Фото: Архив АПФото: Архив АП

Попал в элитные войска

«В армию уходил абсолютно здоровый, призывная комиссия определила по здоровью категорию «А», поэтому его и направили в спецвойска, а вернулся назад с онкологией. И как вернулся?! Я думала — с ума сойду, пока он доберется из Москвы домой, в родную деревню», — поделилась с «Амурской правдой» болью мама солдата, жительница Николо-Александровки. Мы приехали в Октябрьский район с одним условием: что не назовем реальную фамилию героя и не опубликуем его фото. Не потому, что парень служил в секретной части. «Я не хочу, чтобы обо всем знали студенты вуза, где Вале продолжать учебу», — попросила мать, которая бесконечно верит, что ее сын сумеет победить болезнь и обязательно будет счастлив.

Мы приехали в Николо-Александровку в половине десятого утра. Марина Александровна в огороде, ей помогает младший сынишка Саша.

— Муж — механизатор, с утра до ночи в поле, сами понимаете, уборочная пора. А старший — сейчас не помощник. Головные боли сильные, ночами бессонница мучает, давайте не будем его будить, — устало заметила мать.

Она вспоминает, как 18 мая прошлого года провожали Валентина в армию на вокзале в Благовещенске. Как его глаза светились счастьем — попал в элитные военно-космические войска.

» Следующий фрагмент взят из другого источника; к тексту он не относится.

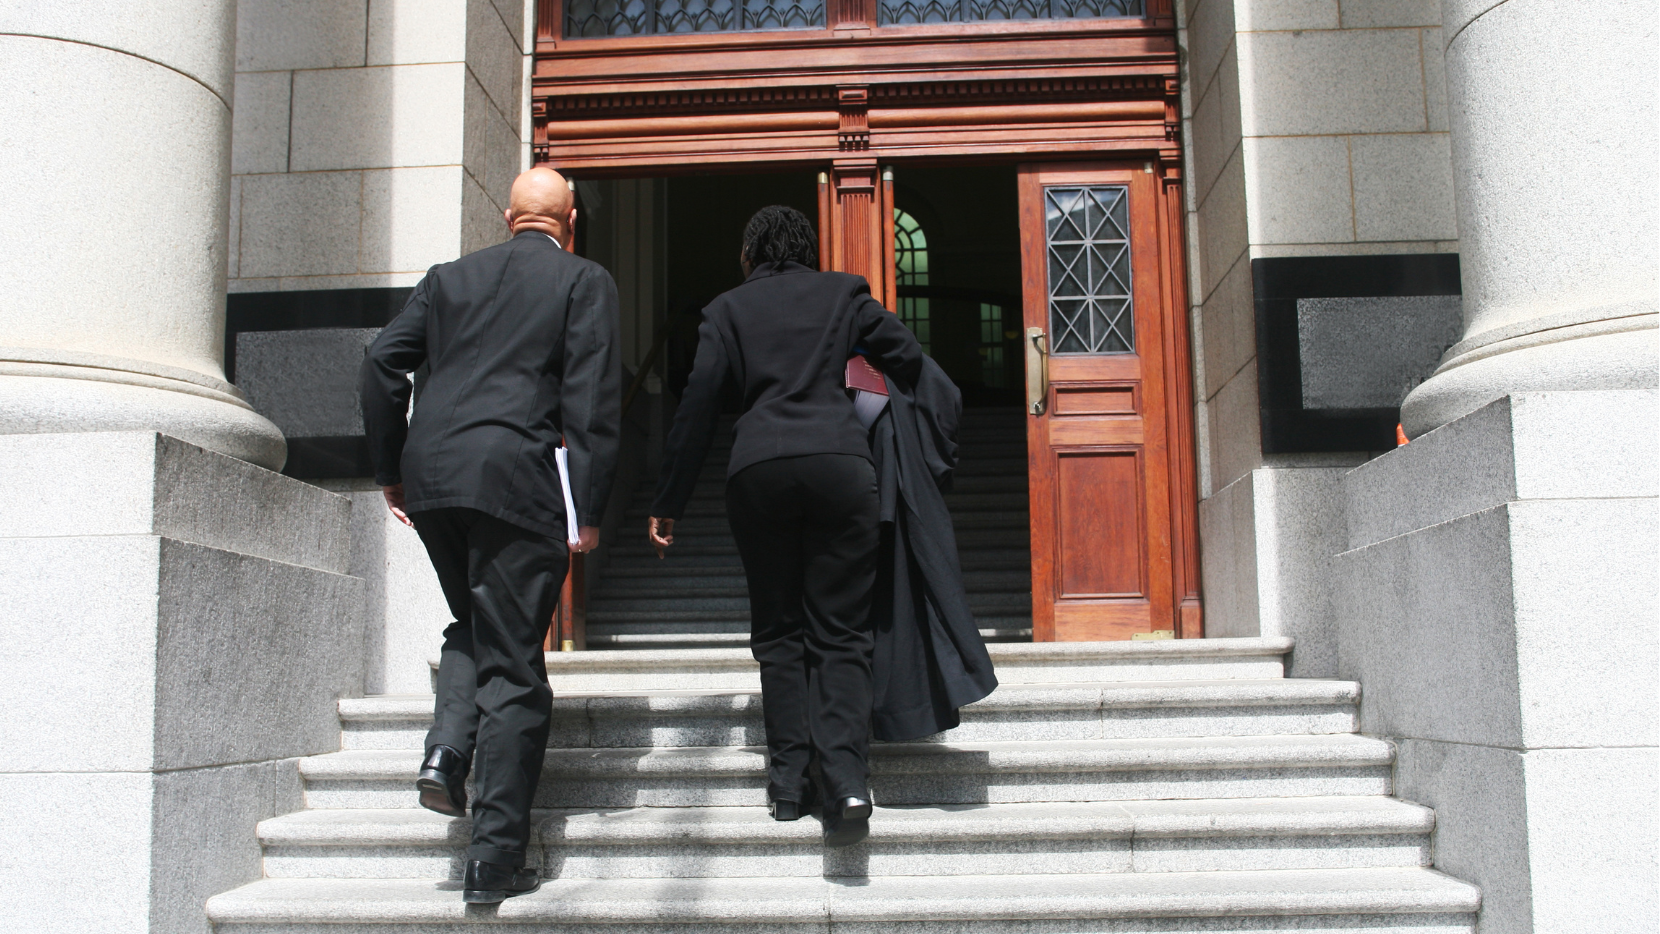 Two people in suits walking towards a court door.

Он служил в одной из секретных частей в Хабаровском крае. Из учебки постоянно звонил домой, потом из воинской части — говорил, что все прекрасно. Служба нравилась, питание хорошее, никакой дедовщины. Парень планировал даже остаться и дальше служить по контракту.

 

— И вдруг на три недели он замолчал — ни ответа ни привета. Потом звонит 19 сентября, расстроенный до слез: «Мама, я не говорил тебе, нельзя было, телефон вот только дали. У меня травма ноги». Как? Чего? Я в панике, — вспоминает мать события прошлого года. — Оказывается, он еще второго августа голеностоп повредил. Они шли строем. Бордюр — он оступился, упал, а на него следующий солдат упал… Все произошло чисто случайно. Его ни били, ничего такого. Сын говорил, что в части насчет этого строго: каждое утро и вечер — телесный осмотр. Если увидят царапину или синяк — вплоть до объяснительных. А тут меня поразило: солдат случайно повредил ногу, и сразу у него забрали телефон, сказали, чтобы родителям, родственникам не сообщал, пока не вылечат. 11 октября мы получили из части письмо, где сообщалось, что он лежит в санчасти с травмой ноги.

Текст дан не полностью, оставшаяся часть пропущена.